Director's Message: Are you a 'what' or a 'why' dental professional?
Director's Message: Are you a 'what' or a 'why' dental professional? Kristine Hodsdon is the director of RDH eVillage.
Two hygienists are working alongside one another in an open hygiene suite. A child walks by and asks what they’re doing.
The first hygienists replies, "Cleaning and polishing teeth, and it’s what I do every day. All I do is scrape, tell patients to floss and rinse, and input notes in the computer.”
The other hygienist smiles, proudly proclaiming, "I’m positively impacting a person’s overall health!”
We’ve all met professionals who focus on the “what” they’re doing instead of the “why” they’re doing it. It’s difficult to feel passionate about something when we’re missing the meaning behind what we’re doing and why we’re here.
So why are we here? What’s our purpose?
How a person defines purpose has as much to do with his or her mindset as it does with personal, philosophical, cultural, religious, and scientific beliefs.
The purpose of knowing your purpose
Defining purpose in work, life, and business is not about the daily tasks; it’s about the reason for the tasks in the first place — the why, not the what. Discovering purpose allows a person to create the vision behind the tasks, and knowing that vision can dramatically change results.
For example, a dental consultant’s purpose is not to analyze reports — that’s a task. The reason for this task is to help a dentist enjoy his or her life by having a profitable and sustainable practice.
People who are fulfilled at work know how the work they do supports the company’s or practice’s vision, values, and goals whether it’s their own company/practice or someone else’s.
Knowing your purpose helps:
- Give meaning to everything you do.
- Guide you through tough times and difficult decisons.

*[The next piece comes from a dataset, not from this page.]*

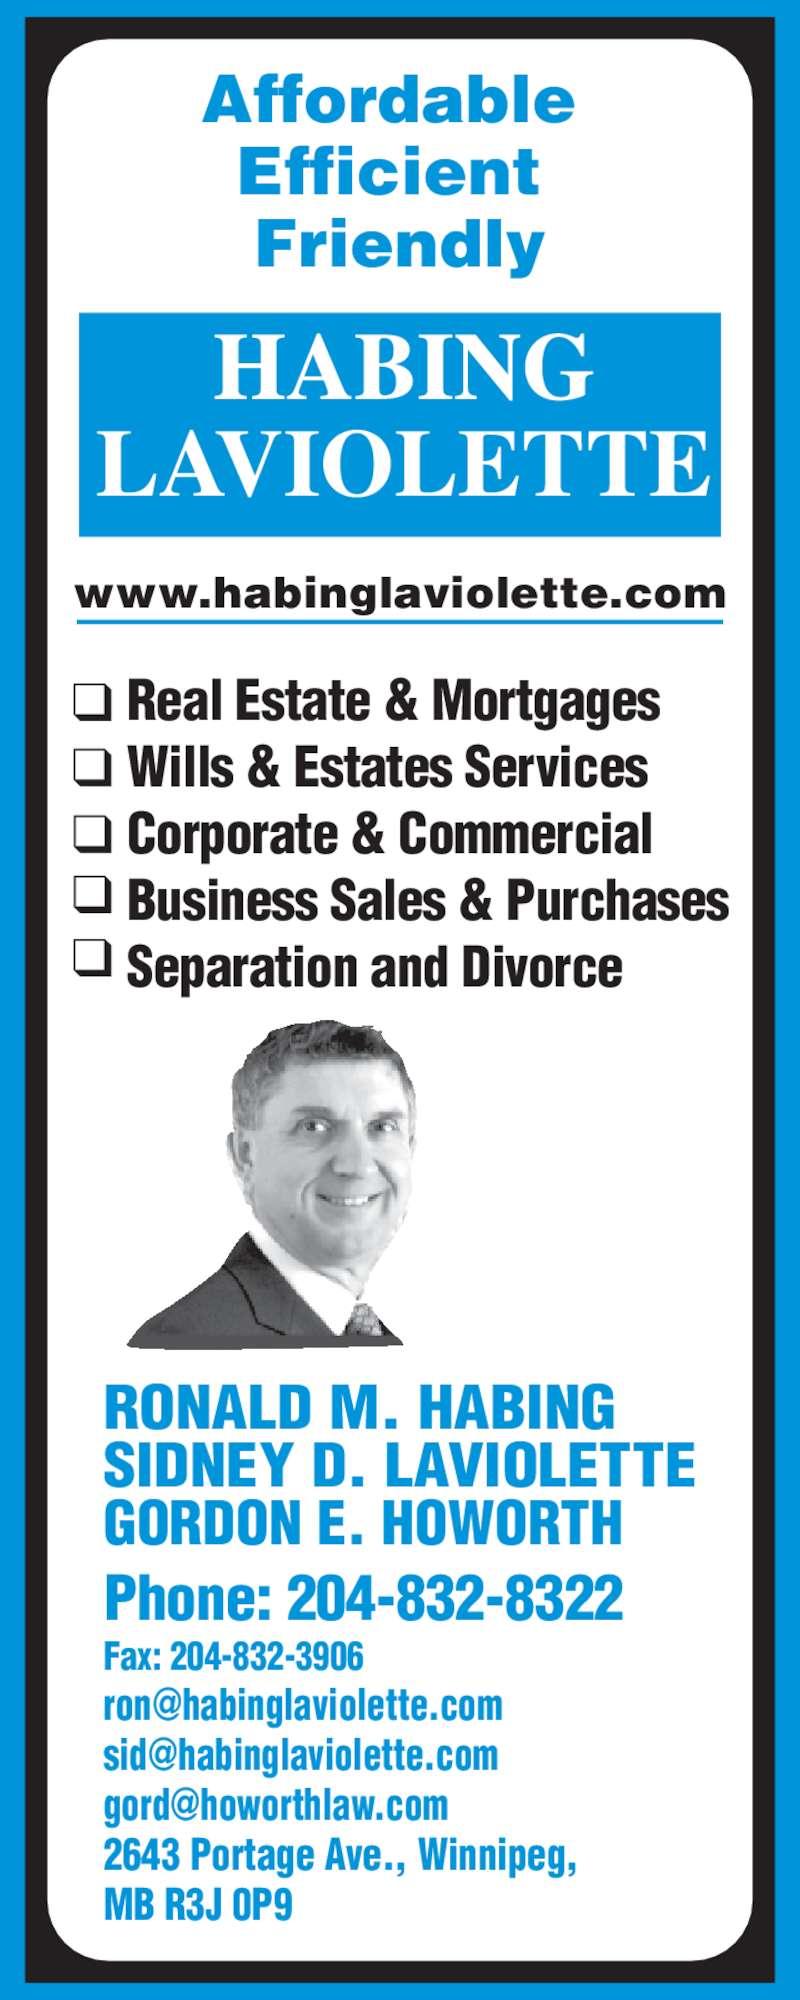 Habing Laviolette (204-832-8322) - Display Ad - Affordable  Efficient  Friendly LAVIOLETTE SIDNEY D. LAVIOLETTE Phone: 204-832-8322 www.habinglaviolette.com RONALD M. HABING Fax: 204-832-3906 GORDON E. HOWORTH 2643 Portage Ave., Winnipeg,  MB R3J 0P9 Real Estate & Mortgages Wills & Estates Services Corporate & Commercial Business Sales & Purchases Separation and Divorce

- Encourage you to follow your instinct instead of following the crowd.
- Motivate you on your journey even (or especially) when you encounter failure or rejection.
How to fulfill your purpose and make a living
We’ve been talking about finding purpose in the work that you’re already doing. If you want to envision a career or business, based on your life purpose, try the following approach.
- Determine your strengths. Life purpose is directly related to personal strengths. For example, if communication is your strength, then your purpose may be found in that area.
- Determine your passions. Passions are the things you love to do -- with or without external rewards (such as money or recognition).
- Determine your causes. Identify the causes that matter to you. Is there a condition in the world that makes you feel discontent or compels you to action?
- Find the sweet spot. After determining your strengths, passions, and causes, find the overlap between them. That’s the sweet spot, where you’re likely to find the most fulfillment in your work life.
- Your mission, should you choose to accept it ... Based on the information above, write a personal mission statement; it can help guide your passions throughout your career.
It’s not (necessarily) about the money.
Instead of focusing on a monetary goal, try setting goals that “add value” -- a goal that improves the quality of people's lives or of the earth. Whether you’re a hygienist, dentist, speaker, consultant, brand manager, or executive, it’s ultimately through helping others that we all achieve our life purpose.